5.) Pirates of the Caribbean: On Stranger Tides   $241 Million

6.)  Fast Five        $209.8 Million

7.)  Cars 2           $191.4 Million
Since sequels worked for Toy Story, the folks at Pixar felt it would work for Cars and it did.

8.)   Thor         $181 Million
Stan Lee must be a very happy camper since his creations have finally made it to the silver screen.

9.)   Rise of the Planet of the Apes        $176.7 Million

10.)  Captain America: The First Avenger   $176.6 Million
See number 8.

Well, what about Mission: Impossible – Ghost Protocol? You must be asking. After all, this was the film that heralded Tom Cruise’s return to being a box office draw. Well that film was 18th on the Box Office Mojo list for 2011 with a total U.S. gross of $141.1 Million as of January 3, 2012.

Still, what do these films say about the movie industry. Well, they don’t just say, they shout that sequels still sell. Eight out of the 10 films on the list were sequels. I’ve written quite a lot about how sequels, redos and reboots have littered the movie landscape, so a word to the wise is sufficient. (i.e. The suits haven’t gotten the message so, gentle moviegoer, seek out something original and ignore the sequels, redos and reboots.)

I don’t mind movies based on comic books, because comic books lend themselves to being on the silver screen, especially with the technology now available.  With today’s technology, a good special effect team can make it very easy to suspend disbelief and buy into the illusion that someone can leap tall buildings in a single bound, swing from skyscraper to skyscraper or design an exoskeleton suit that makes him impervious to injury and have incredible strength. Of course, a good special effects team can’t help if someone is a bad actor. Remember, there are limits as to what special effects can do.

Of course, I must admit that I am still on the fence regarding the upcoming Spider-Man reboot. The three Spider-Man films directed by Sam Rami and staring Toby Maguire as Peter Parker/Spider-Man did well at the box office, with audiences and critics. It wouldn’t hurt anyone to have ended it at the third film and let other characters in the Marvel universe get their chance in the spotlight. Yet, I’ve seen some of the images from the film and they have piqued my curiosity. Stay tuned for further developments.
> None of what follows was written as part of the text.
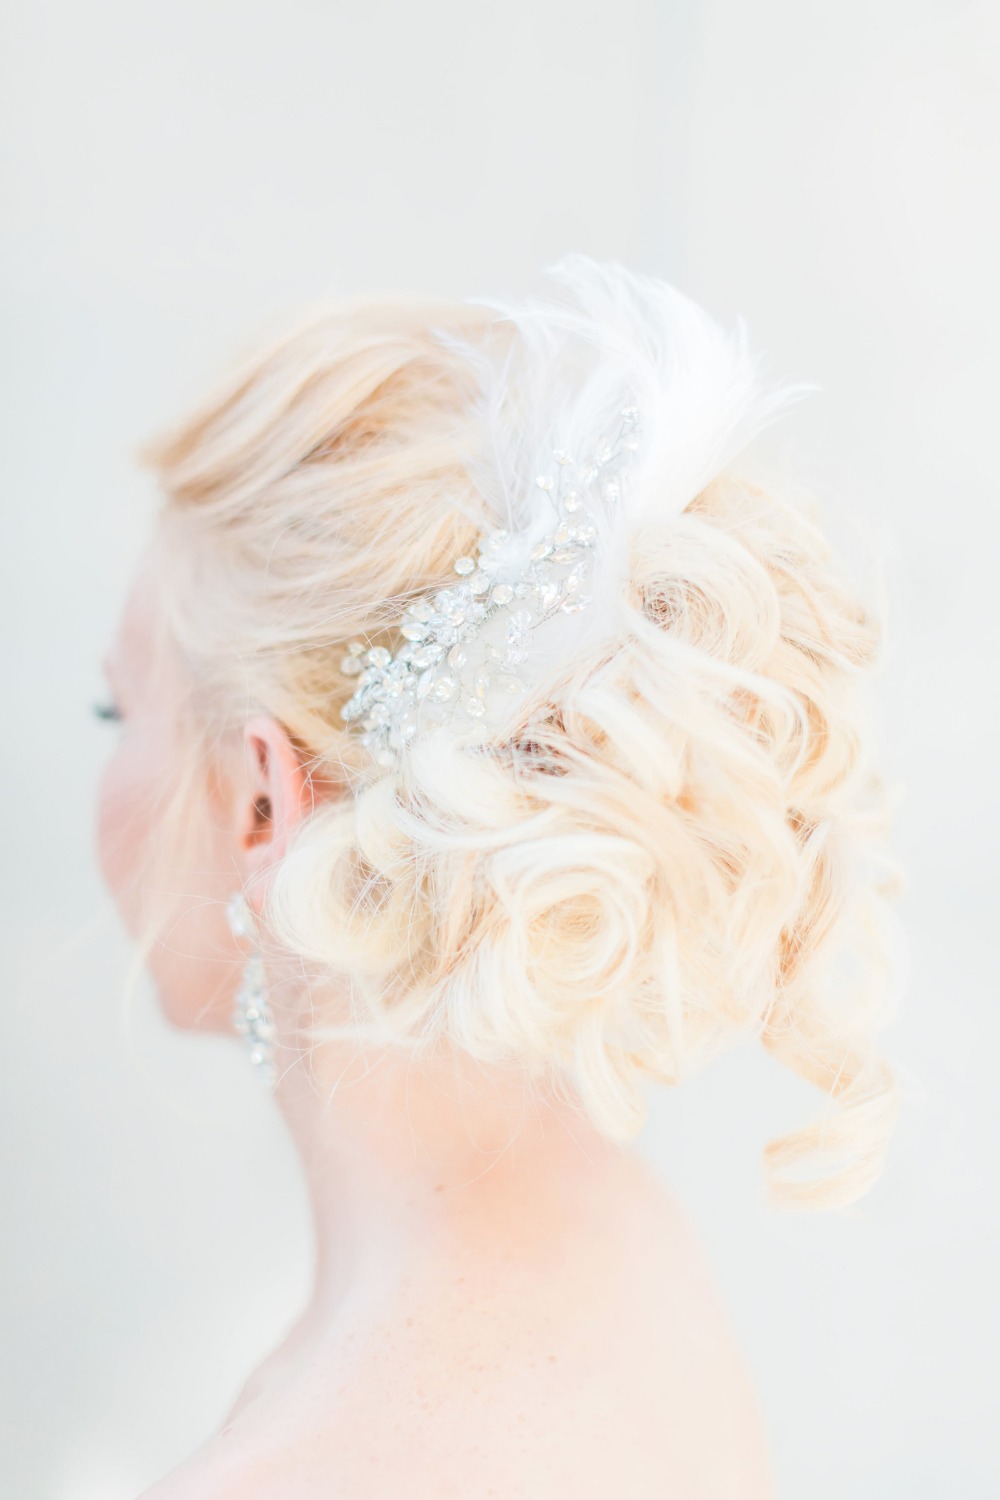 Feather and crystal hair accessory

You know, when I ended a similar blog entry in January 2011, I predicted that 2011 would bring more blockbusters, sequels and animated films. I was right and the above list proves it. Just goes to show you that the best predictor of future behavior is past behavior.

Sources:
http://boxofficemojo.com/yearly/chart/?yr=2011&p=.htm

http://www.hollywood.com/news/The_Box_Office_Year_in_Review_2011/12394979

Successful Movie Franchises Part 1

July 21, 2011

Harry Potter and the Deathly Hallows – Part 2, the last film in the Harry Potter series opened on July 15, 2011 and made $168.5 million in the U.S. its opening weekend.  This film means the end of the Harry Potter movie franchise. The series made over $6 billion worldwide, made stars of Daniel Radcliffe (Harry Potter), Emma Watson (Hermione Granger) and Rupert Grint (Ron Weasley) and it made book series author,  J.K. Rowling a very happy (and rich) camper. Not bad for an idea Rowling thought of while riding the train.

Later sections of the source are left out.